Tributes pour in for celebrity chef and writer Anthony Bourdain

The 61-year-old took viewers around the world, including the Middle East, with his popular TV series.

Anthony Bourdain
Television personality Anthony Bourdain died at the age of 61 [File: Evan Agostini/Invision/AP]

Tributes are flowing for Anthony Bourdain, a celebrated US chef, writer and TV presenter, who took his own life at the age of 61.

Throughout his career, Bourdain took viewers around the world with his popular television series, Parts Unknown. The show launched in 2013 after he joined CNN in a move that many viewed as risky for both the network and Bourdain.

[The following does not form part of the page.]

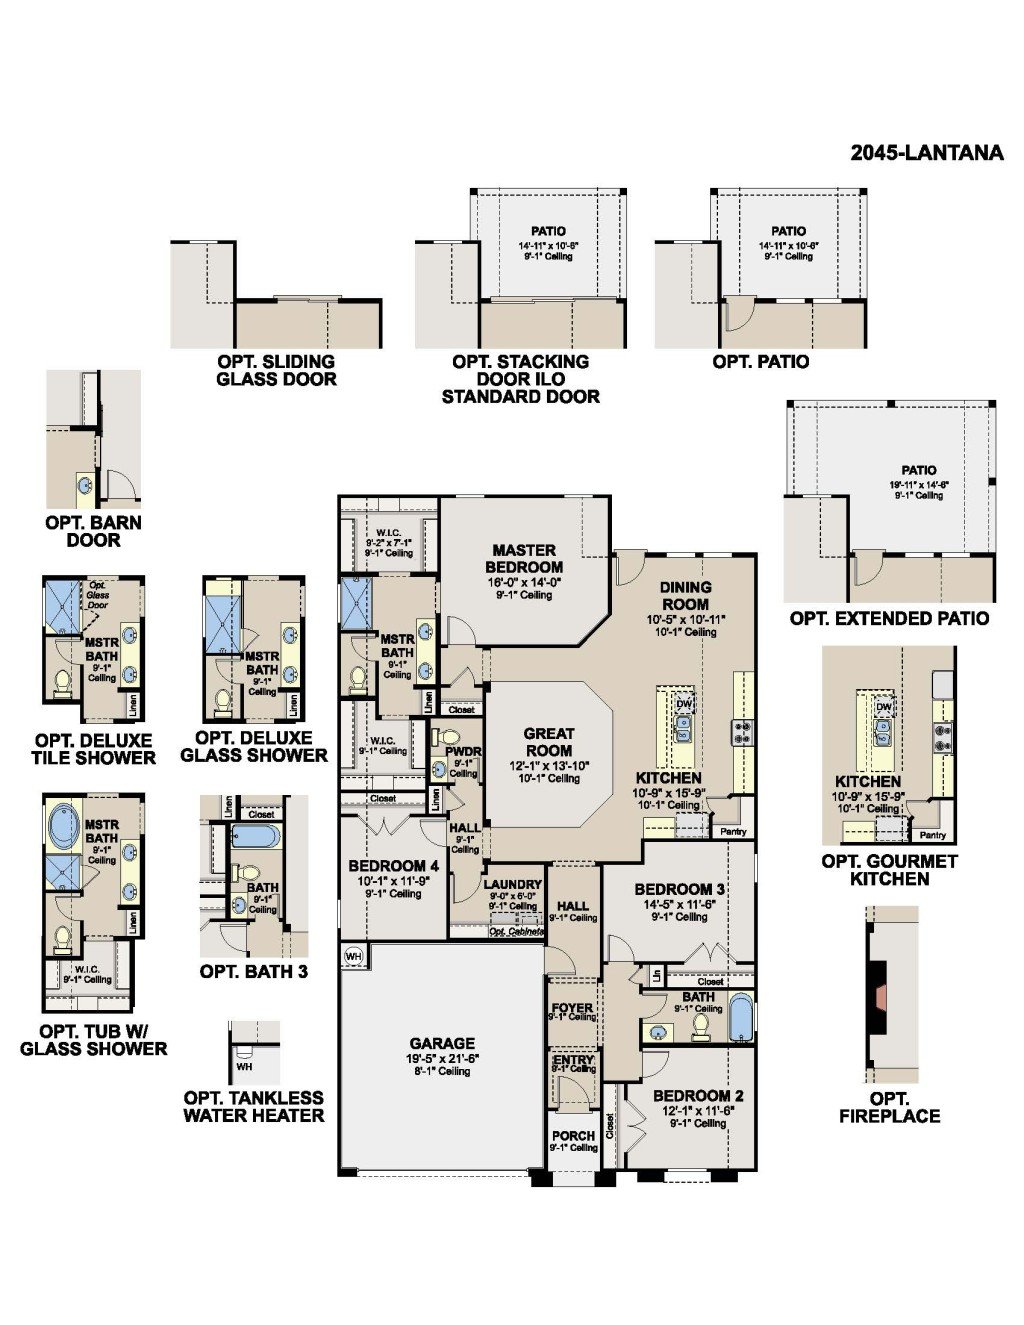 Lantana Home Design Layout - RGV

He was found dead in a hotel room in France’s Strasbourg, where he had been working on an upcoming episode of his programme, CNN said in a statement on Friday.

Last year, Bourdain boiled down the main idea behind Parts Unknown for the New Yorker magazine: “I travel around the world, eat a lot of s***, and basically do whatever the f*** I want.”

The show featured meals in both out-of-the-way restaurants and the homes of locals, providing what the New Yorker called a “communion with a foreign culture so unmitigated that it feels practically intravenous.”

Bourdain visited the occupied West Bank and Gaza in 2013, showcasing local food and highlighting life under the occupation.

He also went to Libya where he looked at life after long-time ruler Muammar Gaddafi.

He concluded the episode by saying: “This is a place that’s filled with a lot of extraordinary people who have done an extraordinary thing on very short notice, under very difficult circumstances, and at a very difficult time – who are continuing to do the best they can, and I wish them well.”

He visited Oman and Lebanon in 2015.

It wasn’t his first time in Lebanon, where he had gone to shoot an episode of the show No Reservations in 2006. The show was interrupted by the outbreak of war between Hezbollah and Israel, but Bourdain’s love for Lebanon was cemented.

“There’s no place else even remotely like it. Everything great and all the world’s ills all in one glorious, messed up, magical, maddening, magnificent city. Beirut. It’s good to be back,” he said. 

Also in 2015, CNN aired Bourdain’s show on Iran.

“I am so confused. It wasn’t supposed to be like this. Of all of the places, of all the countries, all the years of traveling, it’s here in Iran that I am greeted most warmly by total strangers,” he said.

Bourdain’s profile began to soar in 1999 when the New Yorker published his article Don’t Eat Before Reading This, which he developed into the 2000 book, Kitchen Confidential: Adventures in the Culinary Underbelly.

He went on to host television programmes, first on the Food Network and the Travel Channel, before joining CNN.

“His love of great adventure, new friends, fine food and drink and the remarkable stories of the world made him a unique storyteller,” CNN said in its statement.

“His talents never ceased to amaze us and we will miss him very much.”